И все же эти картины несколько успокаивали молодого человека, так как свидетельствовали о болезни, а не о смерти.

«Там, за этой дверью, — думал Жильбер, — или за этой занавесью, дышит, томится и страдает та, которую я люблю и боготворю, та, при чьем появлении меня бросило бы в жар и по всему телу пробежала бы дрожь, та, в ком вся моя жизнь, кому посвящен каждый мой вздох».

И Жильбер раз по двадцать в час устремлялся к окну, внушая тем самым любопытной м-ль Шон опасение, как бы он не вывалился из него, наметанным взглядом прикидывал толщину внутренних стен флигеля, его размеры, и составлял в уме точный план: здесь, должно быть, спит г-н де Таверне, там службы и кухня, это комната Филиппа, это каморка, отведенная Николь, а вот тут — комната Андреа, святилище, за возможность хотя бы день постоять на коленях перед дверью которого юноша не раздумывая отдал бы жизнь.

По представлению Жильбера, святилище это представляло собой большую комнату, сообщающуюся с передней, от которой застекленной перегородкой была отделена каморка, где должна находиться, опять же по его предположению, кровать Николь.

— О, сколь счастливы, — восклицал в минуты ревнивого неистовства безумец, — сколь счастливы люди, проходящие по саду, в который выходит окно моего чердака и лестничные окна! Сколь счастливы они, безразлично ступающие по песку садовых дорожек! Ведь ночью оттуда можно услышать стоны и вздохи мадемуазель Андреа!

От намерения до исполнения куда как далеко, однако богатое воображение приближает исполнение, потому что неизменно изыскивает возможности для этого. Невозможное кажется ему вполне осуществимым: ведь оно умеет наводить мосты через бурные реки и устанавливать лестницы в неприступных горах.

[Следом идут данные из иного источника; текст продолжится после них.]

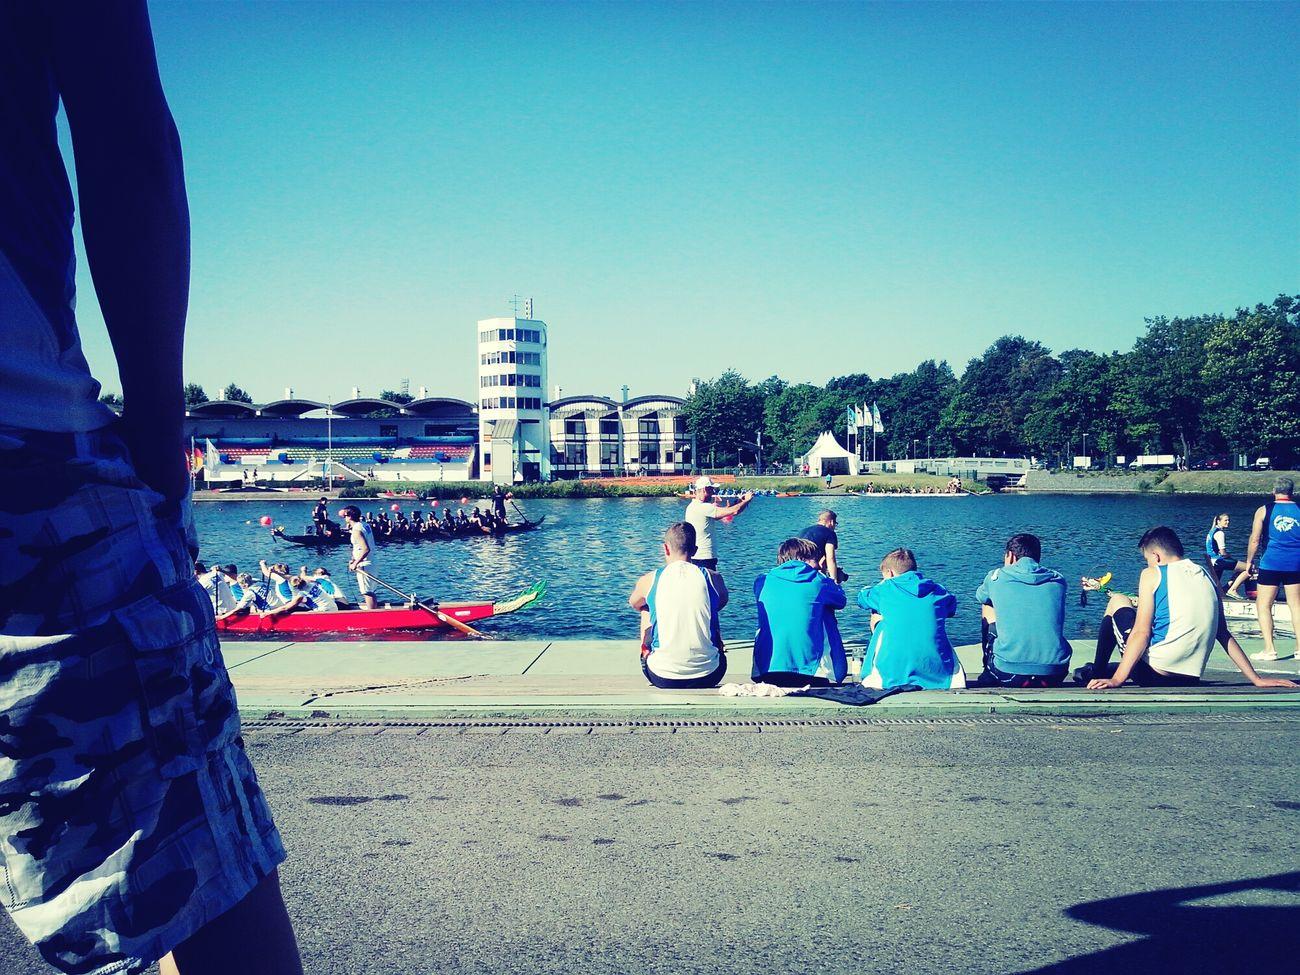 Dragonboatraces Duisburg Germany wir sind die besten, wir schlagen sie alle.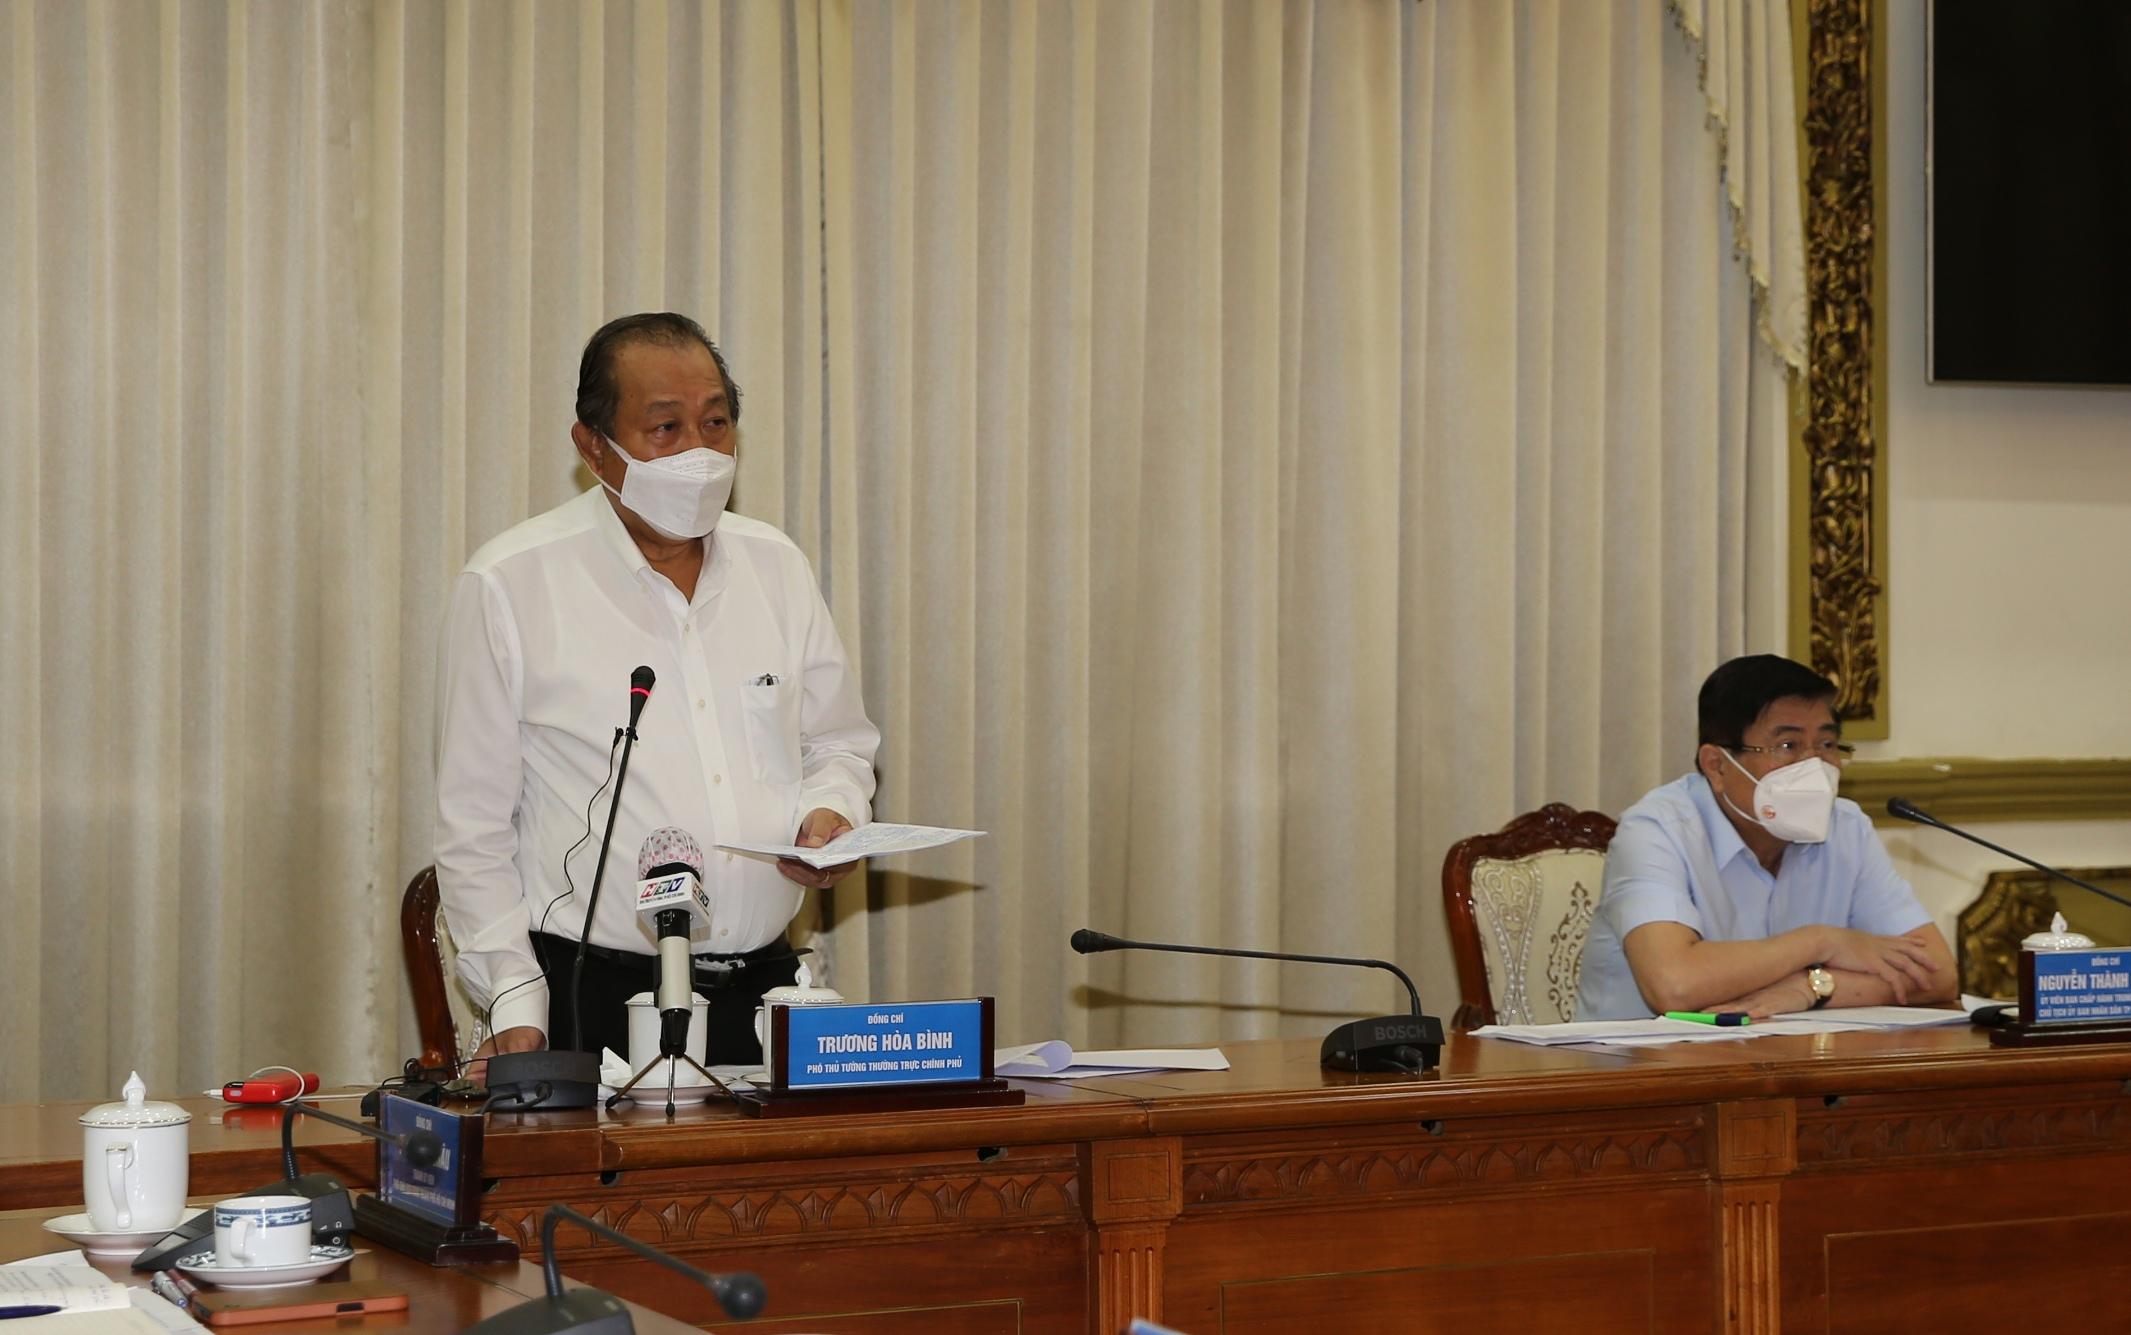 Phó thủ tướng Thường trực Chính phủ Trương Hòa Bình phát biểu chỉ đạo tại buổi họp trực tuyến của Ban Chỉ đạo phòng chống dịch COVID-19 TPHCM. Ảnh: VGP/Mạnh Hùng

Первые дни Жильбер только мечтал.

Потом он подумал, что счастливцы, которым он так завидует, обычные смертные и точно так же, как он, имеют ноги, чтобы ступать по дорожкам, и руки, чтобы открывать двери. И он стал представлять себе, какое было бы для него счастье незаметно прокрасться к этому запретному для него дому и приникнуть ухом к ставням, сквозь которые можно услышать, что там делается.

Но для Жильбера было недостаточно мечтать, ему нужно было немедленно осуществить свои мечтания.

Впрочем, к нему быстро возвращались силы. Юность ведь так изобильна и богата. Через три дня, возбужденный горячечными мечтами, Жильбер чувствовал себя сильным как никогда.

Жильбер нашел, что Жан Жак Руссо, заперев его на ключ, избавил его от преодоления самой большой трудности — пройти в калитку дома, где жила м-ль де Таверне.

Действительно, калитка эта выходила на улицу Цапли. Жильбер же, запертый на улице Платриер, не имел возможности оказаться на улице Цапли, так что у него и не может возникнуть никаких затруднений по части открывания калиток.

Оставались окна.

Окно его мансарды выходило на край крыши, под которой была отвесная стена высотой в сорок восемь футов.

Только пьяный или совершенный безумец рискнул бы спуститься по ней.

«Нет, все-таки двери — это великое изобретение, — мысленно говорил себе Жильбер, кусая кулаки, — а философ Руссо сделал их недоступными для меня!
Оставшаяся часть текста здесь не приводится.